The energy market powers homes, businesses, and entire economies, offering investors a way to invest in the resources the world depends on. Whether you’re trading crude oil, buying utility stocks, or betting on solar and wind, energy is one of the most dynamic and far-reaching sectors investors can tap into.

At the same time, it’s an industry in flux. Governments are working to reduce carbon emissions and strengthen energy independence. Demand continues to grow, even as the global mix shifts toward renewable energy, electric vehicles, and new technologies like carbon capture. For investors, that means the traditional and the emerging are often side by side, creating both opportunity and uncertainty.

Key Points

  • The energy market includes companies involved in oil, gas, renewables, and utilities, each with unique risks and investment opportunities.
  • Knowing industry terms such as upstream, midstream, and downstream can help you navigate the energy market.
  • Energy prices are driven by supply, demand, policy decisions, and geopolitics, all of which affect investment performance.

How the energy market works

The energy market operates much like other markets: Buyers and sellers negotiate prices based on actual or anticipated supply and demand.

Governments, banks, and consulting and market research firms publish supply and demand estimates, but the energy market often defies prediction. Pricing can shift quickly due to unexpected events. For example, the Organization of Petroleum Exporting Countries (OPEC) and its allies, including Russia, may cut production unexpectedly (pushing oil prices higher) or increase output (sending prices lower). Even the anticipation of such moves can cause market swings.

Weather can also drive price swings. A hotter-than-expected summer or colder-than-normal winter can boost natural gas demand as households and utilities rely more heavily on air conditioning or heating.

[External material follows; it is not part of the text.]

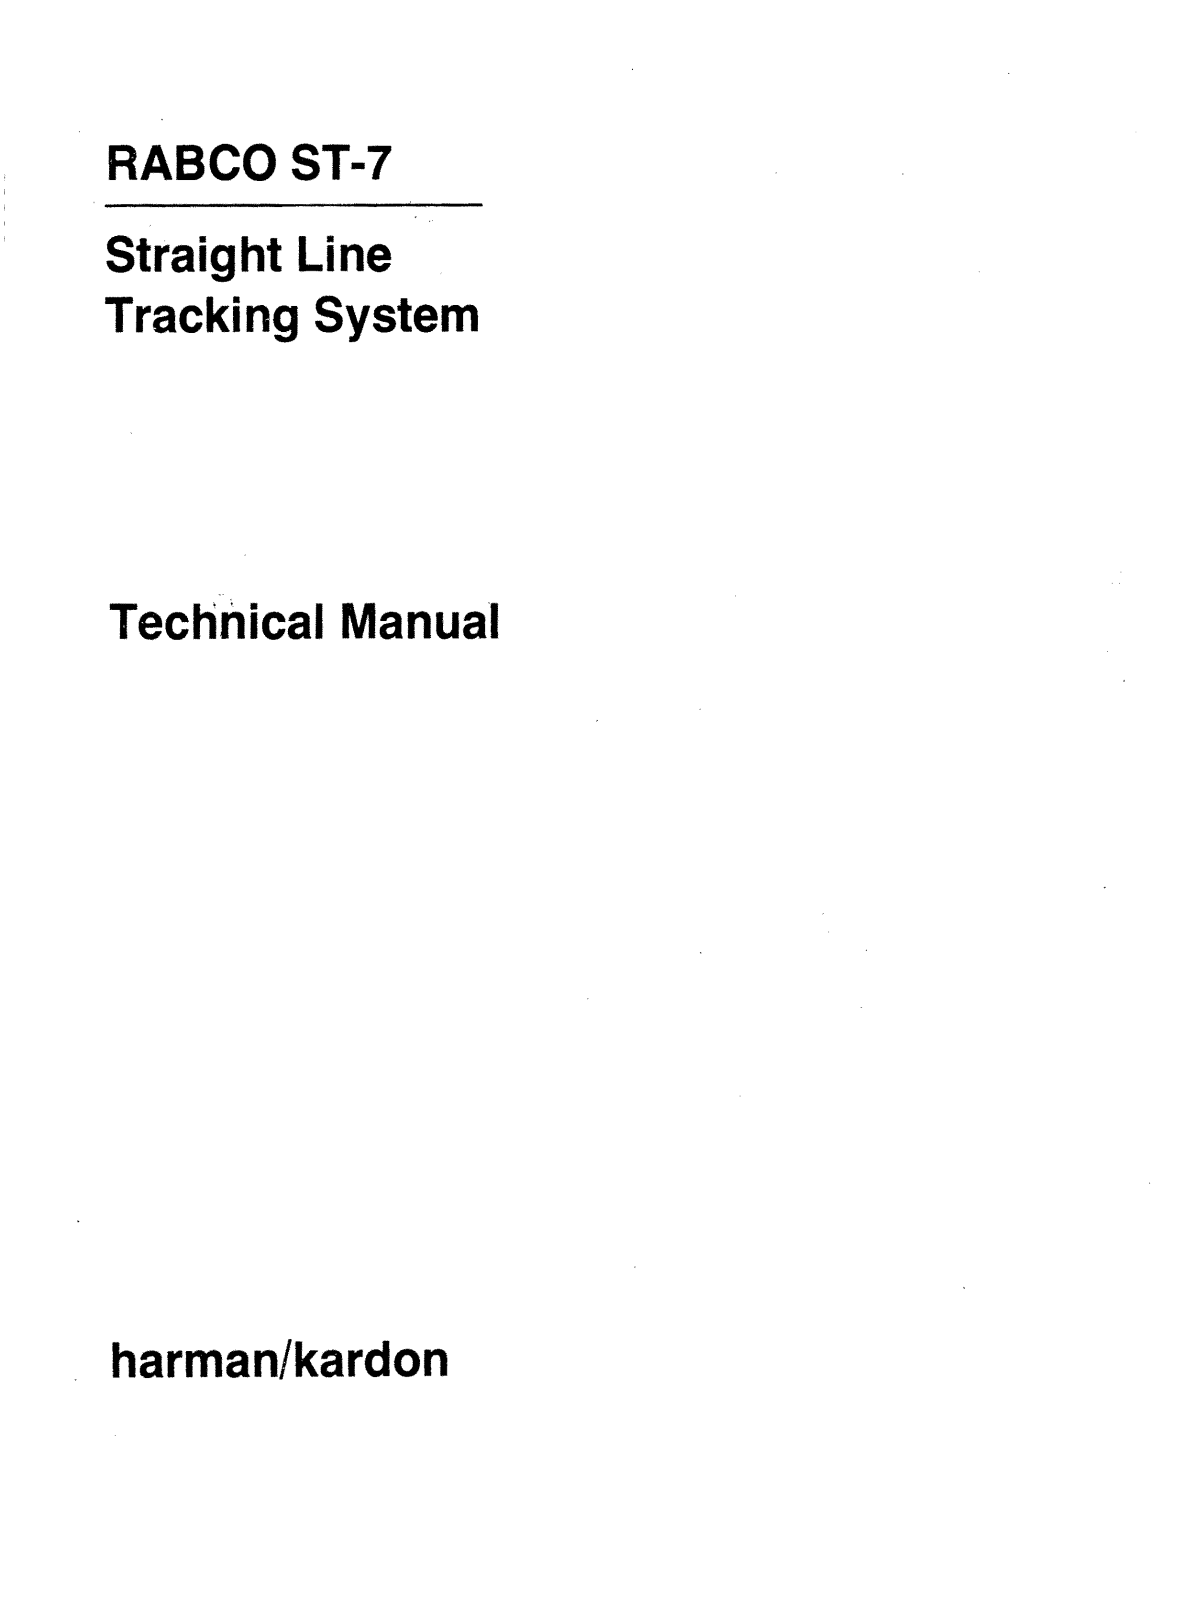 Harman Kardon Rabco ST-7 Service manual

Demand ultimately comes from end users—homes and businesses—but energy often passes through a chain of intermediaries, including commodity merchants and distributors, before reaching its destination.

A market in transition

The global energy market has been undergoing a long-term transformation as it’s shaped by climate policy, shifting demand, and technological change. Governments worldwide are pursuing energy independence and seeking to reduce emissions, often through policies that promote renewables or penalize carbon-heavy fuels. Still, demand for electricity and transportation fuel has continued to climb, driven by population growth, rising household incomes, and urbanization.

Regional energy dynamics vary widely. In Europe, climate policy has accelerated the shift toward renewables and nuclear power. The United States has remained a major oil and gas producer, even as it has expanded clean energy through legislation and public spending, although that growth faces political and regulatory headwinds.

In burgeoning economies such as India and parts of sub-Saharan Africa, rising demand has driven both fossil fuel use and the adoption of renewables as the energy infrastructure expands. Meanwhile, countries with rich mineral reserves—such as Chile, Indonesia, and the Democratic Republic of the Congo—play a central role in supplying materials critical for enabling energy transition.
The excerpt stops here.